Member of the U.S. House of Representatives from Pennsylvania's 15th district
- In office March 4, 1881 – March 3, 1883
- Preceded by: Edward Overton, Jr.
- Succeeded by: George Adams Post

Personal details
- Born: March 27, 1835 Carbondale, Pennsylvania, US
- Died: August 17, 1913 (aged 78) Honesdale, Pennsylvania, US
- Party: Republican

= Cornelius C. Jadwin =

American politician (1835–1913)

Cornelius Comegys Jadwin (March 27, 1835 – August 17, 1913) was a Republican member of the U.S. House of Representatives from Pennsylvania.

==Biography==
Cornelius Comegys Jadwin was born in Carbondale, Pennsylvania.
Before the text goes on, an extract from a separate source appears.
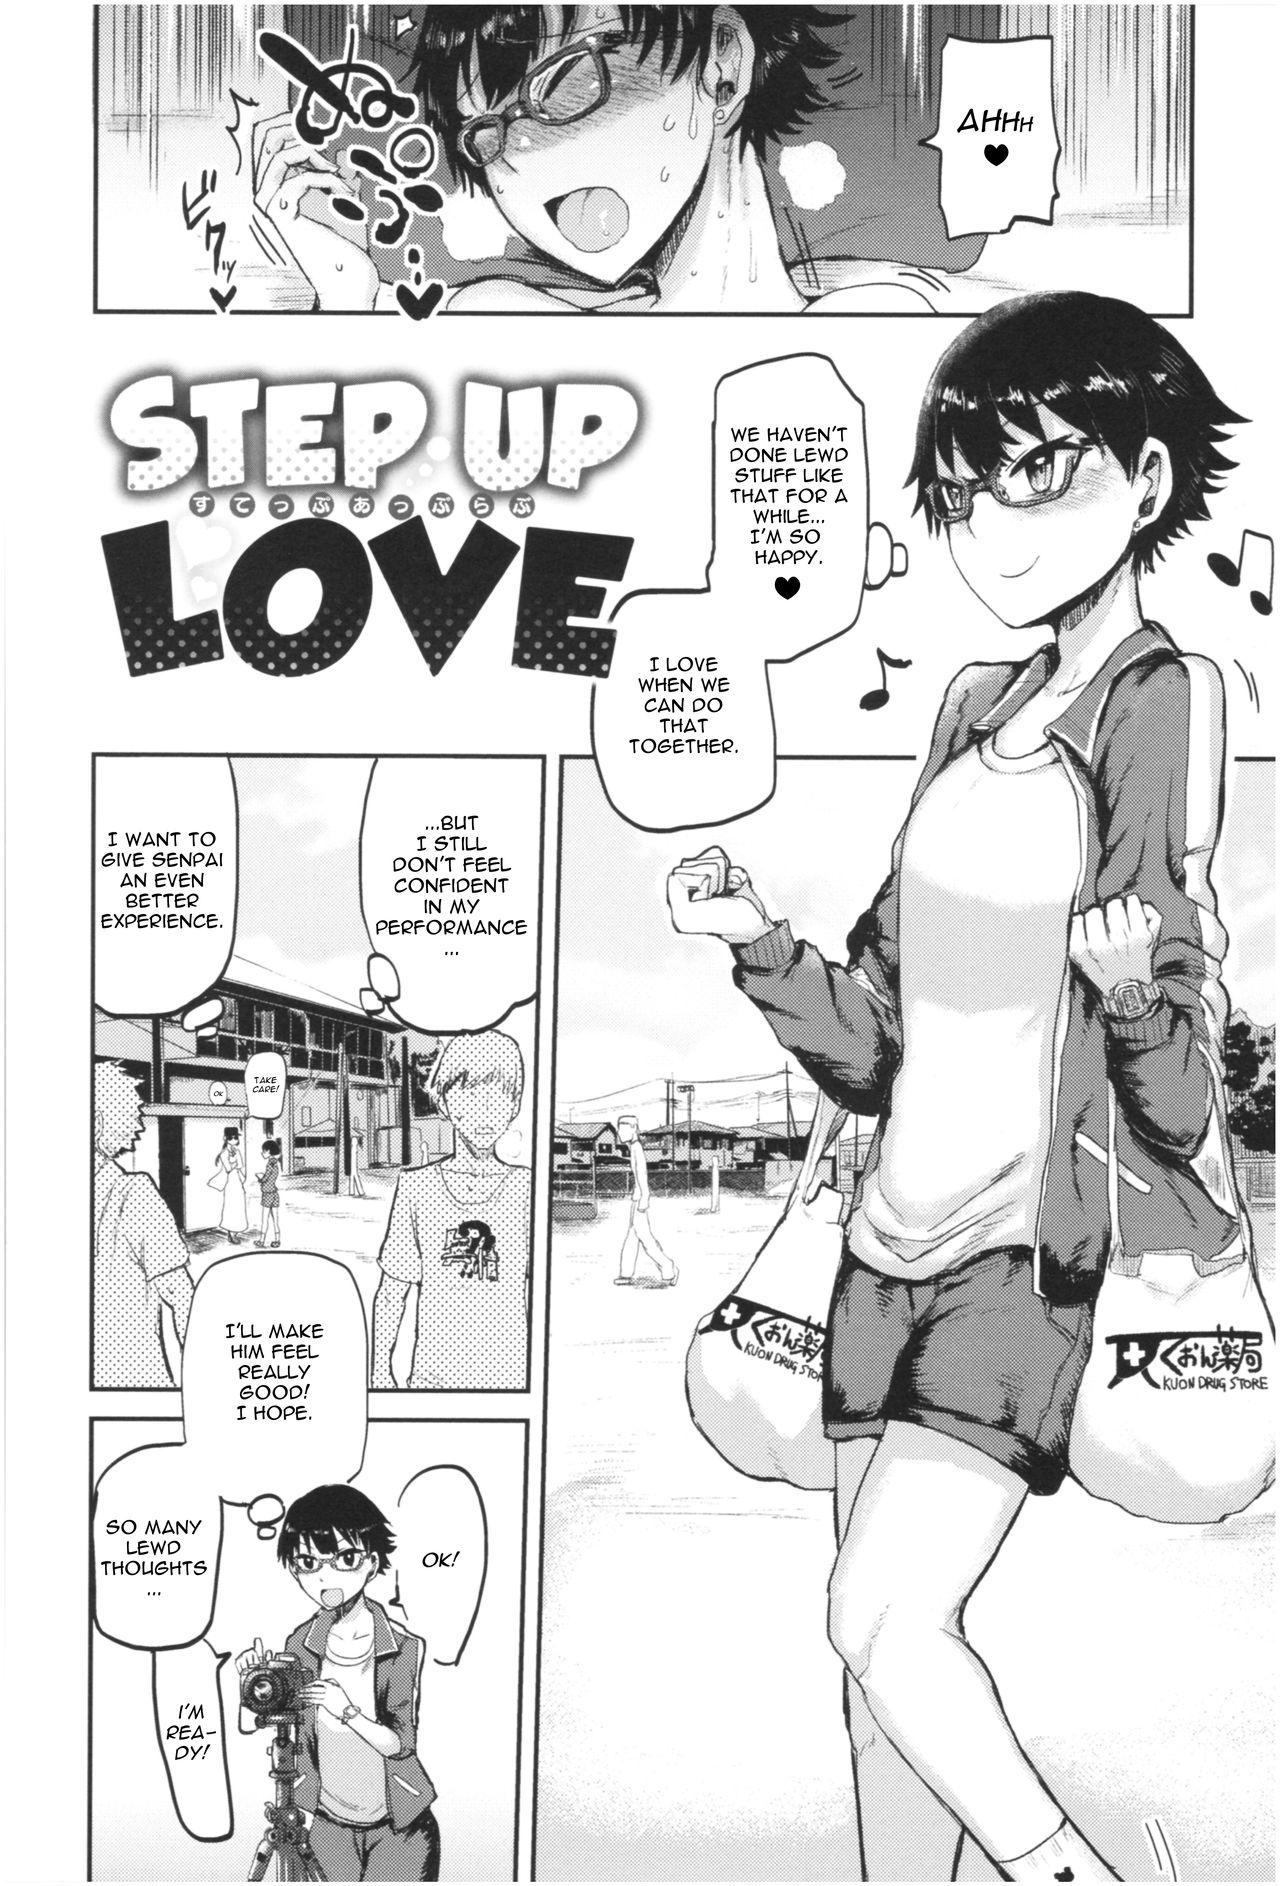 Groupsex STEP UP LOVE Plump - Page 2

He attended the common schools and taught school for four years. He studied civil engineering and pharmacy. He was engaged as a civil and mining engineer from 1857 to 1861. He entered the drug business and located in Honesdale, Pennsylvania, in 1862. He served on the board of education of his district for nine years and was president for three years. He was a delegate to the 1880 Republican National Convention.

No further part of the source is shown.